> _Exercise objective_:
Go over the listing below line by line, and return each one holding the string "artist".

--- START ---

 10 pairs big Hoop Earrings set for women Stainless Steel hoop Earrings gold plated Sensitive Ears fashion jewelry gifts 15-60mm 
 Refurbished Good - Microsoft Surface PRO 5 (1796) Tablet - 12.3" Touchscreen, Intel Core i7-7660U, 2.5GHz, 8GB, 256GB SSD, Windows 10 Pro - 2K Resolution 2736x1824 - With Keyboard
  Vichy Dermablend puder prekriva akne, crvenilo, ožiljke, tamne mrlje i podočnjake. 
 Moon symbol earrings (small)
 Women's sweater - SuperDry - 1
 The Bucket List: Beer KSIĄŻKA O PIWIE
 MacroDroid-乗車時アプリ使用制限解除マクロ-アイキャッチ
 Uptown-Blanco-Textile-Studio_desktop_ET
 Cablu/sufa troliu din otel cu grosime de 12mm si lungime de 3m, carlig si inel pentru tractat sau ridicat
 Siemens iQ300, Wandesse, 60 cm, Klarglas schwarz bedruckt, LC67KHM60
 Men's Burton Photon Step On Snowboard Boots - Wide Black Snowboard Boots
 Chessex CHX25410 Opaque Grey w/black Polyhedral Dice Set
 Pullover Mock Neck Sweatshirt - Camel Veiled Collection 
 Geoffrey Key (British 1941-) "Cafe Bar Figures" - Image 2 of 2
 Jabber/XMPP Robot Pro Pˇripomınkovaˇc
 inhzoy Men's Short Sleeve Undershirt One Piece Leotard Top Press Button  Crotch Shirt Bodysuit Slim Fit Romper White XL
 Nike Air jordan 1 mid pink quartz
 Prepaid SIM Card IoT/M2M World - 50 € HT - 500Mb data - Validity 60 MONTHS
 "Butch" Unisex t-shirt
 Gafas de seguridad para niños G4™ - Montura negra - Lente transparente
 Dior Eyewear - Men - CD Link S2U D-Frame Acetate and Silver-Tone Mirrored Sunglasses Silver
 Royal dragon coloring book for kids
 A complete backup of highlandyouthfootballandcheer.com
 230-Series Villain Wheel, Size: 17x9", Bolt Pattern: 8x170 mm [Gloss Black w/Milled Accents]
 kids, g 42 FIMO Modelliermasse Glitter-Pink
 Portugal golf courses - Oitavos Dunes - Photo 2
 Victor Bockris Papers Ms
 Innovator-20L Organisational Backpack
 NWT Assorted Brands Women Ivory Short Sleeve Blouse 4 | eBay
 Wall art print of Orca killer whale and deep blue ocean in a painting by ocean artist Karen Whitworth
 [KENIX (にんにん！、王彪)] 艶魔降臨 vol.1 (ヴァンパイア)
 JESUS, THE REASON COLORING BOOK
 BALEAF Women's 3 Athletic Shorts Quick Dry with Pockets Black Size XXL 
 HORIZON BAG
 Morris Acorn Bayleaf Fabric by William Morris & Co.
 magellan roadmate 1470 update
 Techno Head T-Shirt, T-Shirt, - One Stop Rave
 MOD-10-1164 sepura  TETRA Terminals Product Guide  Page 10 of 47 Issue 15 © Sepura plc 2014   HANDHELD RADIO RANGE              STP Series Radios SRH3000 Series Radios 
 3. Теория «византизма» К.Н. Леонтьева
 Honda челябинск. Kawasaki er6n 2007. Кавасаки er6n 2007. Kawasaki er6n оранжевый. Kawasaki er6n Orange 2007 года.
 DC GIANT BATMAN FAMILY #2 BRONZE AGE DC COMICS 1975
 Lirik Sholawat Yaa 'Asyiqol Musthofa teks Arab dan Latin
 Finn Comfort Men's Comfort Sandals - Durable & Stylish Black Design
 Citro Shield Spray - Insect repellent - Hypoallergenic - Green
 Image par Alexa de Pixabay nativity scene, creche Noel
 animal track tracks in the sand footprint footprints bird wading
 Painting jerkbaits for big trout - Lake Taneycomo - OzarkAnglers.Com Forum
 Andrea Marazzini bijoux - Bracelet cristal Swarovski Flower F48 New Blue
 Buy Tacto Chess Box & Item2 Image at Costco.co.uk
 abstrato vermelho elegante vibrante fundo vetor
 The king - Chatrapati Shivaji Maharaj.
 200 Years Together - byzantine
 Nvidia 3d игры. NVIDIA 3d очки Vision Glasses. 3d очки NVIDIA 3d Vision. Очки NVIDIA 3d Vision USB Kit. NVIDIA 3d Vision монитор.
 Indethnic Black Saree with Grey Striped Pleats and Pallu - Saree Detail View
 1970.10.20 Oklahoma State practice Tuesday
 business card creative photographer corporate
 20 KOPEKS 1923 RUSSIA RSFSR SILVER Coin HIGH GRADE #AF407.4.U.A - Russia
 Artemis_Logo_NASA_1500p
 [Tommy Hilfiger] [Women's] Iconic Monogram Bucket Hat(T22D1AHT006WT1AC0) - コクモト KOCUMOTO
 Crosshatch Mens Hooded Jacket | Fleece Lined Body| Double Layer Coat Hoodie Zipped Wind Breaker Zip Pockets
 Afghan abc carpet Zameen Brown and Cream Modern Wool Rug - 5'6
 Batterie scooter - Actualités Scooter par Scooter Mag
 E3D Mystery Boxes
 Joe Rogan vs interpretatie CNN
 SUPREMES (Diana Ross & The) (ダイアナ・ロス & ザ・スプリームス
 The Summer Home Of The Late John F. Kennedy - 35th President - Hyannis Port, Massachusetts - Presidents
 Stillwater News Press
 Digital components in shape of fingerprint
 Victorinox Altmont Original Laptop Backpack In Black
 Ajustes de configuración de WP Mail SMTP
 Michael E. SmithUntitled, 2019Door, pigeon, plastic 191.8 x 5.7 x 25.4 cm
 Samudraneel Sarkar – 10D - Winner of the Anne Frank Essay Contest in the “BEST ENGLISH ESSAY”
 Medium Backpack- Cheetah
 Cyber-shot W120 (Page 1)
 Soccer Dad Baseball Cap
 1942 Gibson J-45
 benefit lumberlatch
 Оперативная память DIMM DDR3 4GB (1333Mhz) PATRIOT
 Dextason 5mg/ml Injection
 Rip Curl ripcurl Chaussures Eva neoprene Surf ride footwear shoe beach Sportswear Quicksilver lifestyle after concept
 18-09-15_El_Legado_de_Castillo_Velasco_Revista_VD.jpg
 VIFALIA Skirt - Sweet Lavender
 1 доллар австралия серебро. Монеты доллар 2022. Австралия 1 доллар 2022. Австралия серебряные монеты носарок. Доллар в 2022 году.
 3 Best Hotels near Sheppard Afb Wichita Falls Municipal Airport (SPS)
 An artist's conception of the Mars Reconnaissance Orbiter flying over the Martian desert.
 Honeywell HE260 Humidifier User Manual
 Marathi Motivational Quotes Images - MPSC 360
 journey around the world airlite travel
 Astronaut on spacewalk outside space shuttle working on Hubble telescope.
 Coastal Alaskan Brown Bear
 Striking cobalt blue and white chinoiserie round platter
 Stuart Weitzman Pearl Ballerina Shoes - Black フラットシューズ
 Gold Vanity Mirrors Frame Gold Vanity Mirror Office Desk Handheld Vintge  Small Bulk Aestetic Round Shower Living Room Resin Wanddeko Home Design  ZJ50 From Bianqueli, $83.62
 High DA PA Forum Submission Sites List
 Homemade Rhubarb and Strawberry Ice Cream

--- END ---

> _Response to the task_:
 Wall art print of Orca killer whale and deep blue ocean in a painting by ocean artist Karen Whitworth
 An artist's conception of the Mars Reconnaissance Orbiter flying over the Martian desert.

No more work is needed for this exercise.